Una vez vi por televisión a Julián López "El
Juli", indultando a un toro en la Plaza México. Me sentí aliviado porque
le perdonaban la vida al toro, aún con el dolor de las banderillas colgándole
del morrillo. Llegué a sentir admiración por los trotes de ballet de los
caballos de Pablo Hermoso de Mendoza para evitar la cornada del toro, pero
luego algún tonto montado en un caballo protegido con armadura medieval le
aplicaba pinchazos al animal con una mezcla de crueldad y torpeza, buscando a
tientas la parte más sensible del astado, y se perdía ese ligero
involucramiento mío en la fiesta brava. Mi padre me contó la historia de un ganadero
que regresaba a sus toros indultados a la plaza, con la corrida ya terminada, y
los mataba con una pistola, ya que sus animales “debían morirse en el ruedo”. El
relato me pareció terrible.
Estos acercamientos a la fiesta taurina no lograron
engancharme a su ritual y simbolismos. Pero al mismo tiempo, me hizo conocer
muchas historias acerca de mi padre. Por ejemplo, cuando de niño vendía tacos
de frijoles con longaniza, de tortilla de harina, en la Plaza de Toros “La
Morena”, de Villa de Purificación, como medio para aportar a la economía
familiar. Al mismo tiempo, se sorprendía
al ver aterrizar las avionetas en el pueblo, mientras los toreros se bajaban y
se dirigían al ruedo ya vestidos de luces. Y mientras compartía esa infancia y
adolescencia en medio de los burladeros y tendidos, mientras me explicaba que
el toro es la verdadera estrella de la tauromaquia porque es el principal
protagonista de una escenificación de la vida y la muerte, mientras me decía
que los toros con verdadera nobleza siempre embisten la muleta y están destinados
para vivir por última vez en el ruedo, mientras en sus pláticas casi me hacía
ver el traje de luces y la espada en sus manos, yo por dentro me decía y aún me
digo, “no sé exactamente de qué me habla mi padre, pero es algo que ama y todas
las cosas que él ama también las amo yo, así que haré un esfuerzo por
enamorarme de ese romanticismo y hacerlo parte de mi”.

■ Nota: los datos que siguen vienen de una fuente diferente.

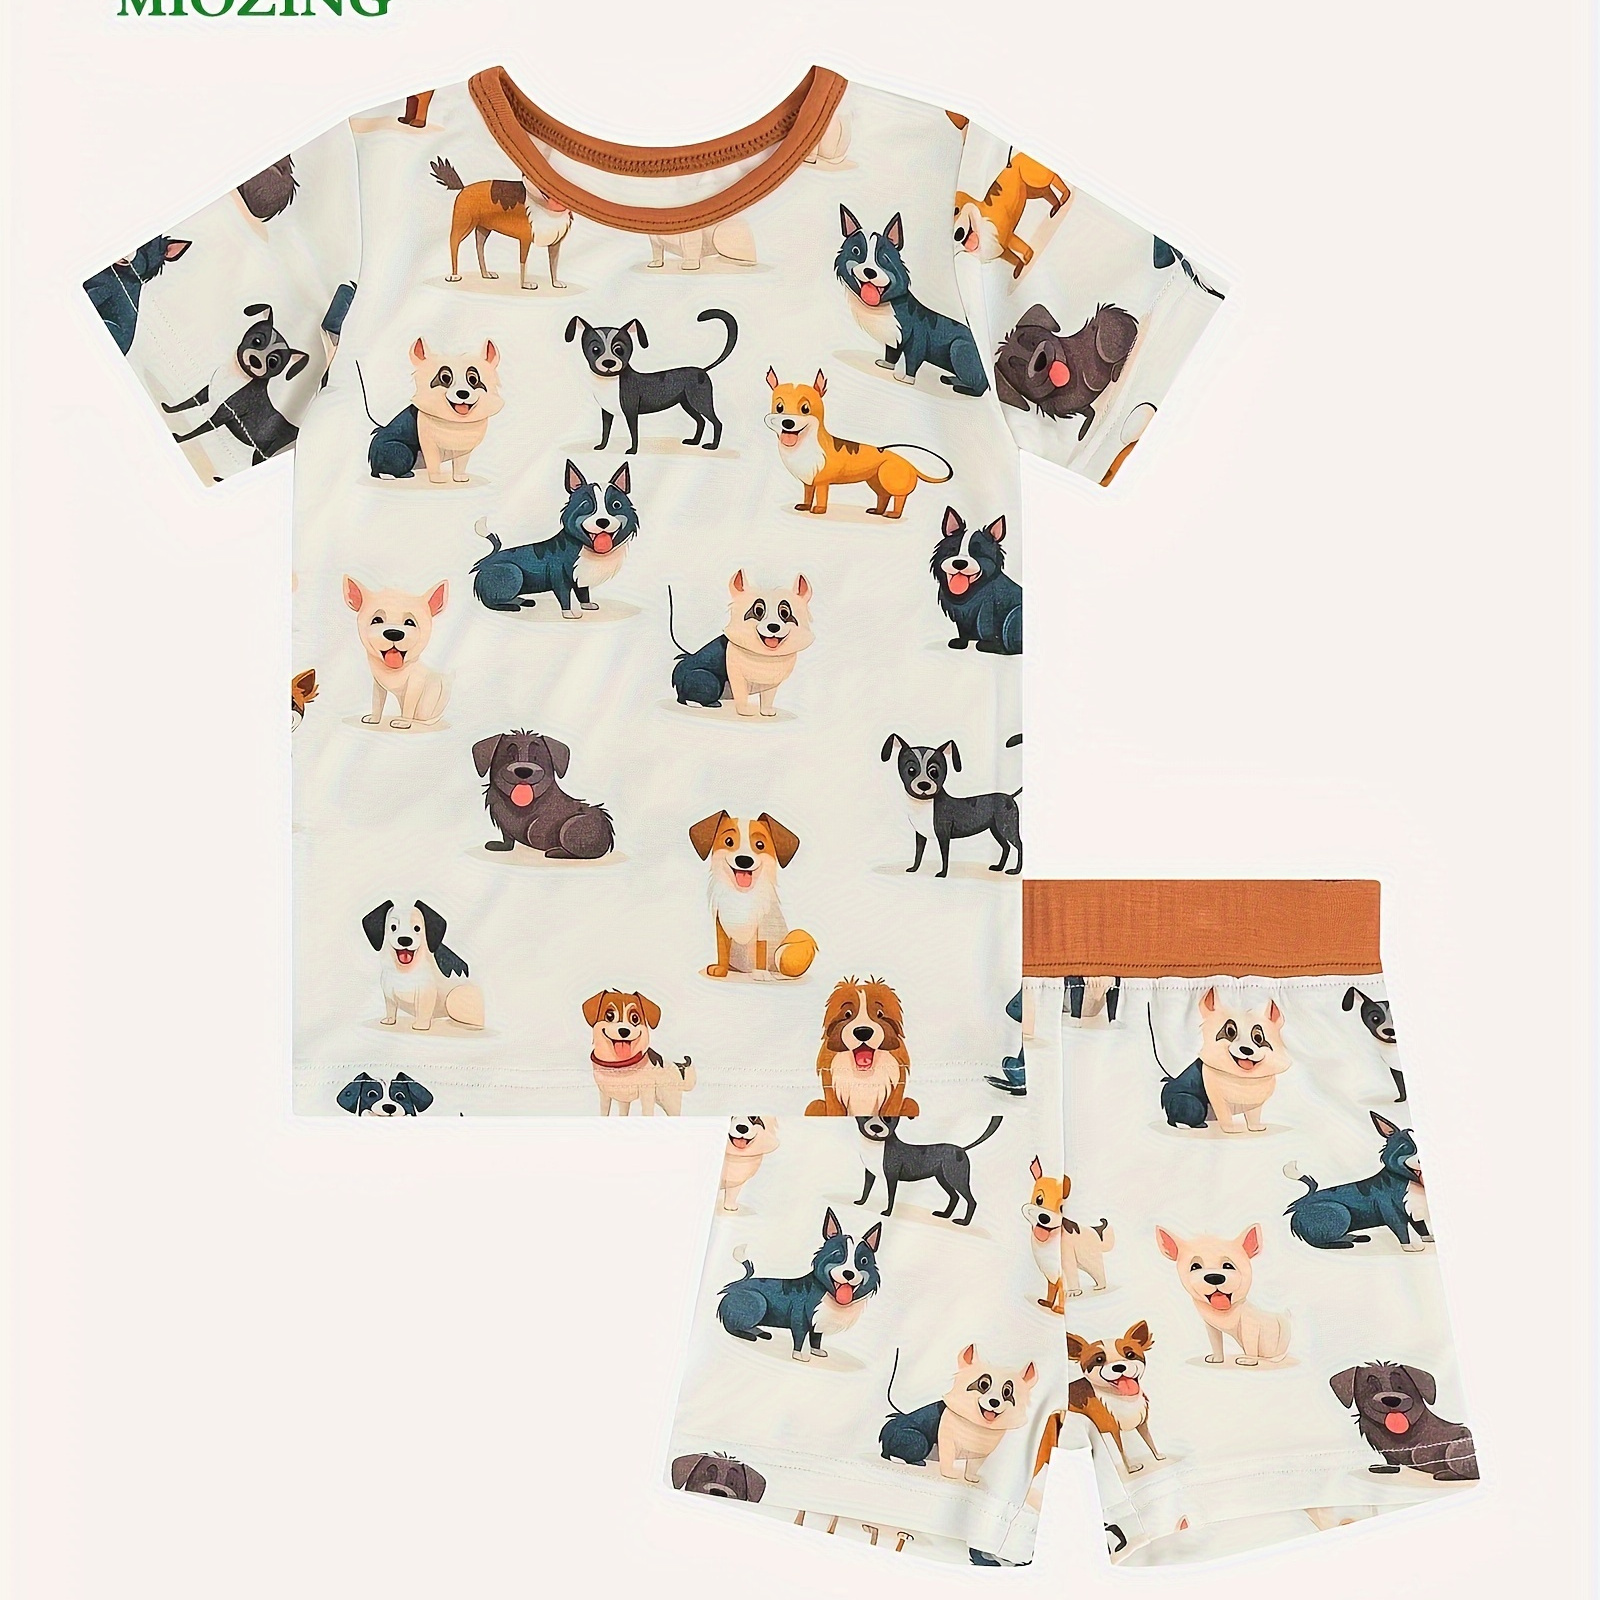 

Miozing Bamboo Fiber 2pcs, Toddler Kid's T-shirt & Comfy Shorts, Cartoon Lovely Puppy Pattern Set, Baby Girl's Clothes

Ese esfuerzo de empatía con mi padre, me hace muy receloso
de los anti-taurinos, sobre todo de aquellos cuyo celo prohibicionista los
lleva a actos tan moralmente repugnantes como celebrar la muerte de un torero
por una cornada, o como sucedió esta semana, festejar que el torero Rodolfo
Rodríguez “El Pana” terminara cuadrapléjico. Comprendo que hay activistas con
argumentos racionales para prohibir las corridas de toros. Michel de Montaigne
le ha dedicado pasajes hermosos en sus “Ensayos” a los animales, alabando la
capacidad de cuidarse a sí mismos, su nobleza y amor, el temple ante las
adversidades y la comprensión instintiva de ideas que llevan tiempo a los seres
humanos asimilar mediante la razón. Peter Singer, filósofo australiano, asegura
que los animales tienen el rasgo fundamental de sentir el dolor, y que
deberíamos tomar esto en cuenta a la hora de tratar a nuestras mascotas, o
cuando pensamos en la procedencia de la carne que nos comemos (de allí que
Singer también defienda el vegetarianismo como dieta común para la humanidad).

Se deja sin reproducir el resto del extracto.